Certainly, here’s a brief summary…
Maths Ch1 and Ch4 when triggered (on the trig input) will generate an envelope with a specific rise and fall time configured by the ‘rise’, ‘fall’, and ‘vari-response’ knobs. You can trigger the envelopes with a square wave running at audio rates. Though Maths is still generating an envelope at these audio rates, we’ll call it an impulse train, which is the terminology used in the Mangroves Technical Map.
What makes this particularly cool and unique in comparison to a traditional VCO, is when triggering an impulse train on Maths with a square wave VCO that’s being sequenced to a particular melody, the pulse width of the envelopes (or single impulse) do not change, thus formant synthesis is achieved. Conversely, on a typical VCO generating a sawtooth for example, the width of the sawtooth will scale along with the pitch. This pulse width scaling behavior can also be achieved on Mangrove through the ‘Constant Wave’ switch, and can be approximated on Maths by sending the v/8 sequence not only to the square waves that are triggering Maths but also to Maths ‘both’ input.

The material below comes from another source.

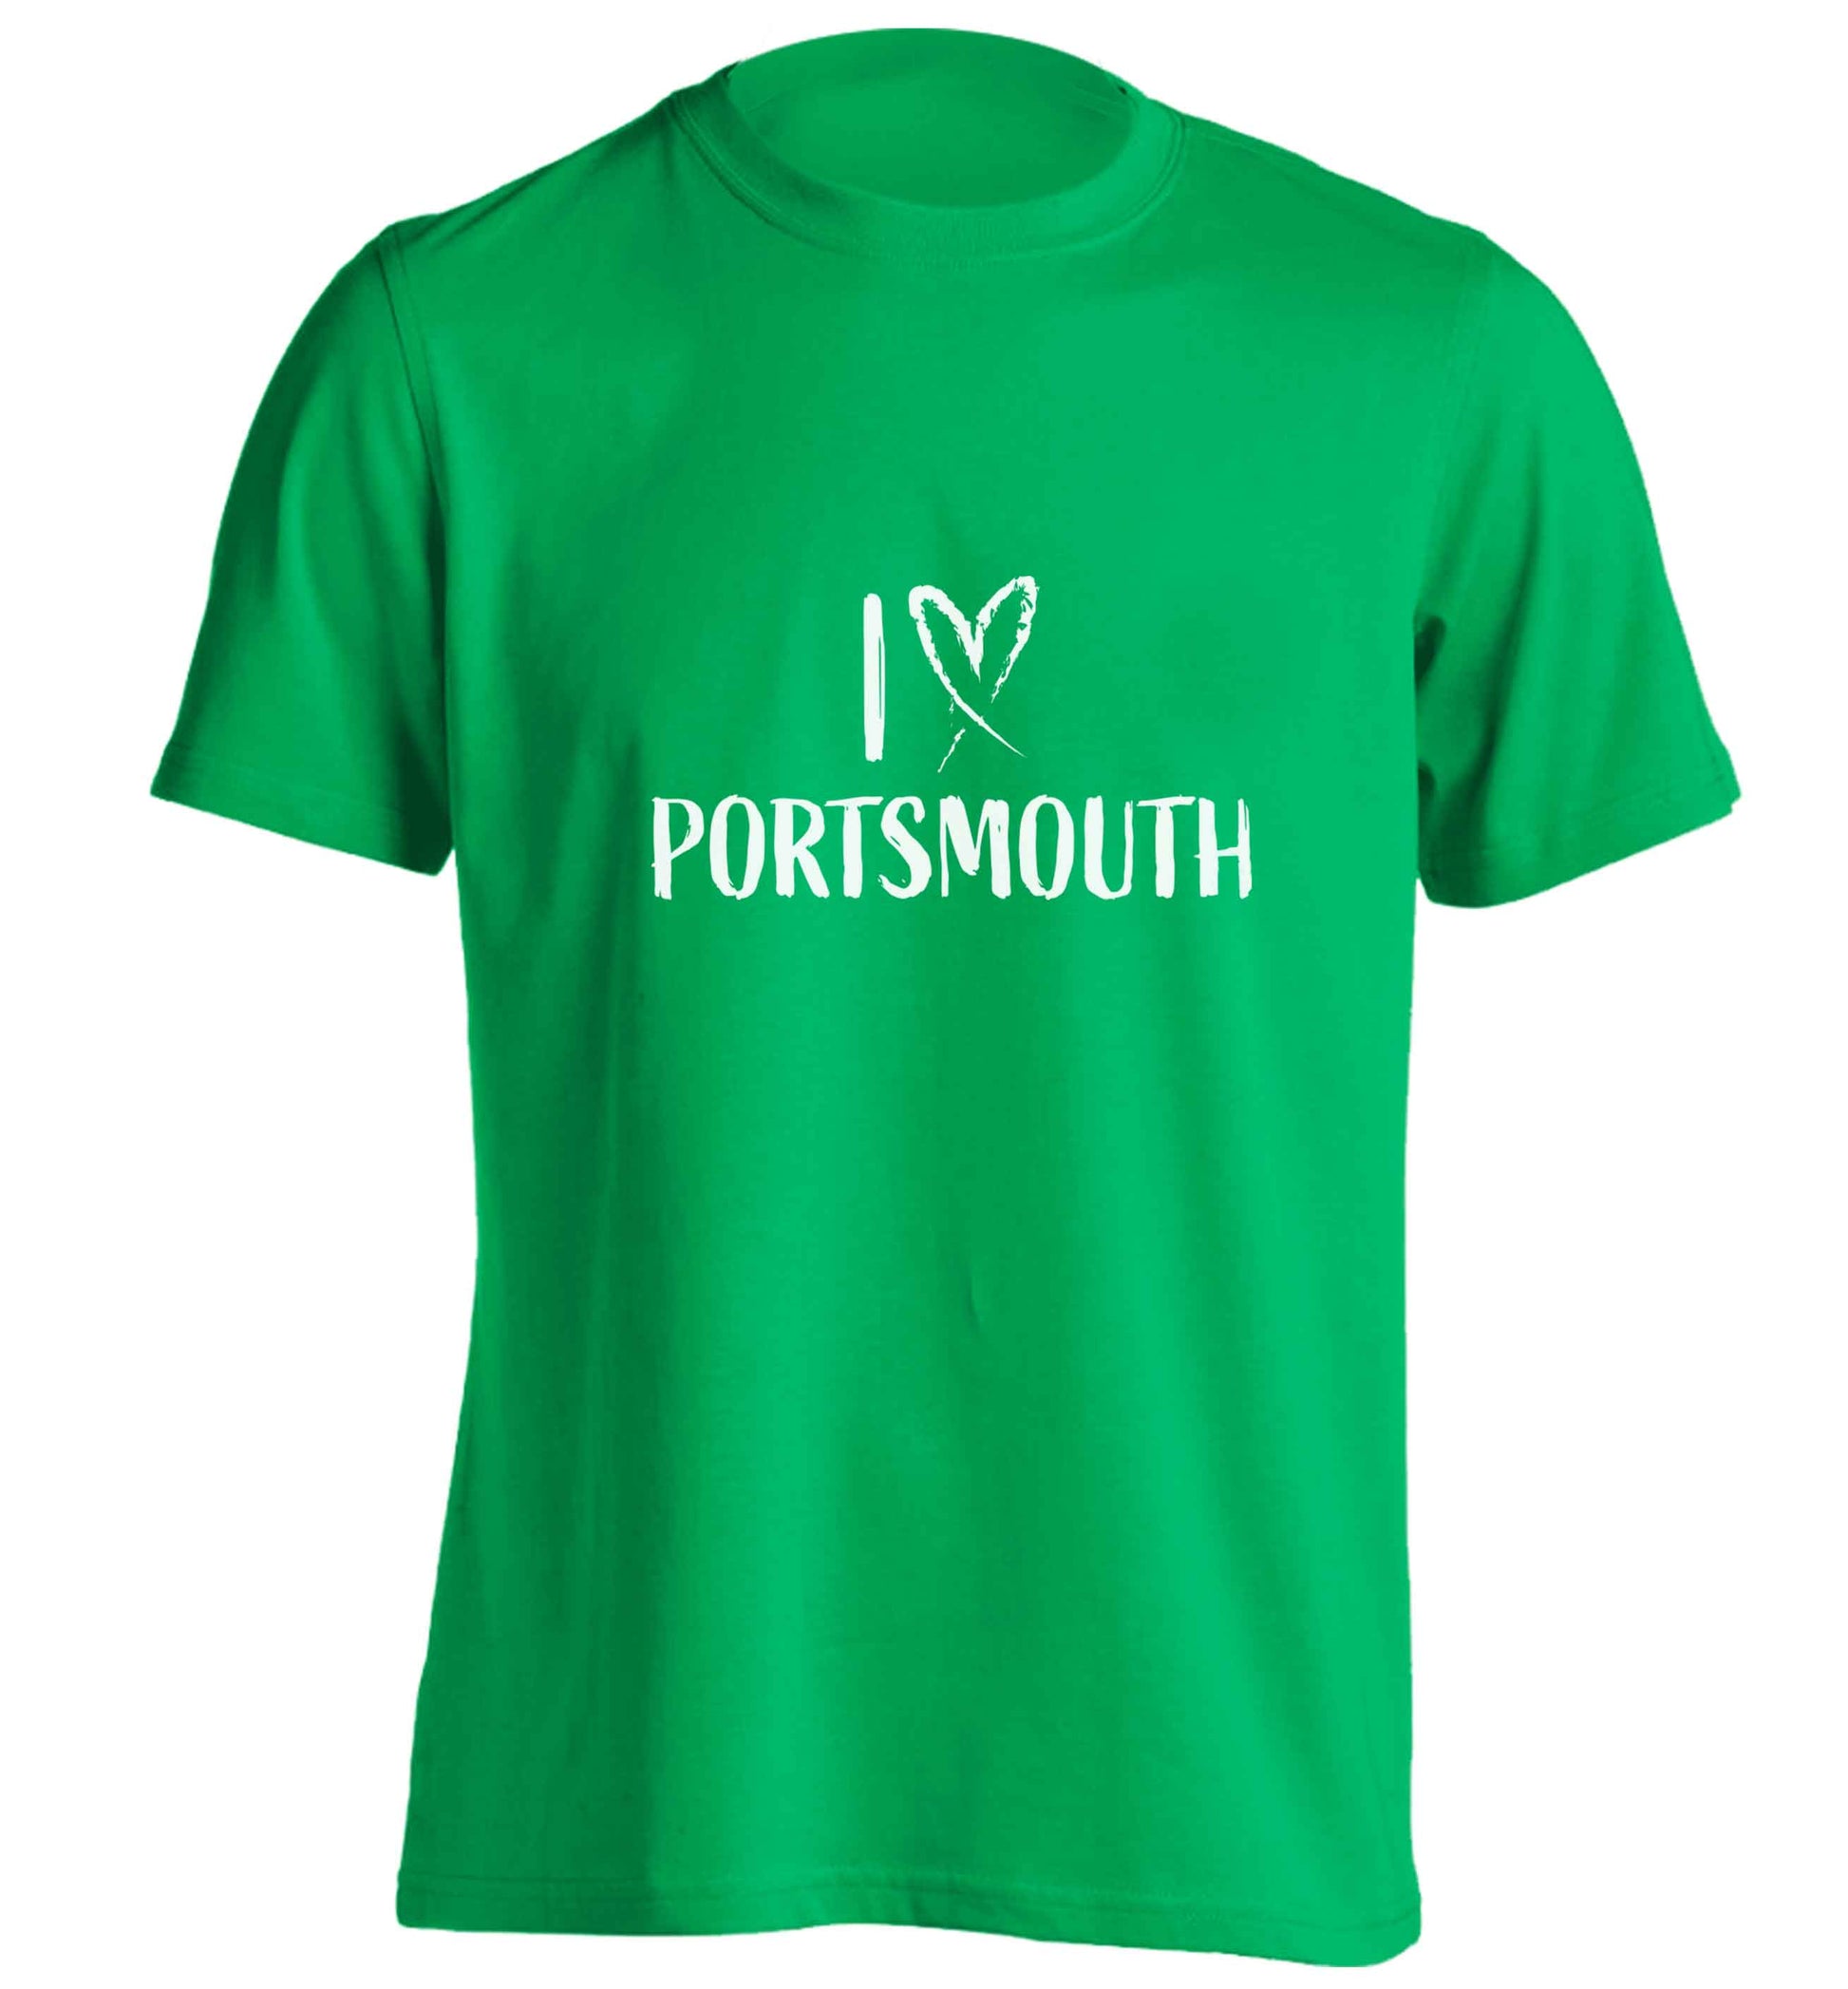 I love Portsmouth adults unisex green Tshirt 2XL

What’s rad about formant synthesis in this context, aka generating impulse trains from a square wave, is that when the wavelength of the triggering square wave is less than the rise time of the envelope, the function generator will ignore all rising edges of the square wave occurring after the initial one that triggered it until it the envelope has reached the end of it’s rise and is now falling. This results in subdivision of the impulse train, making it jump around and sound really wild.
On the MW link FluffyDuck posted I included a couple scope screenshots showing the subdivision which helps demystify what’s happening.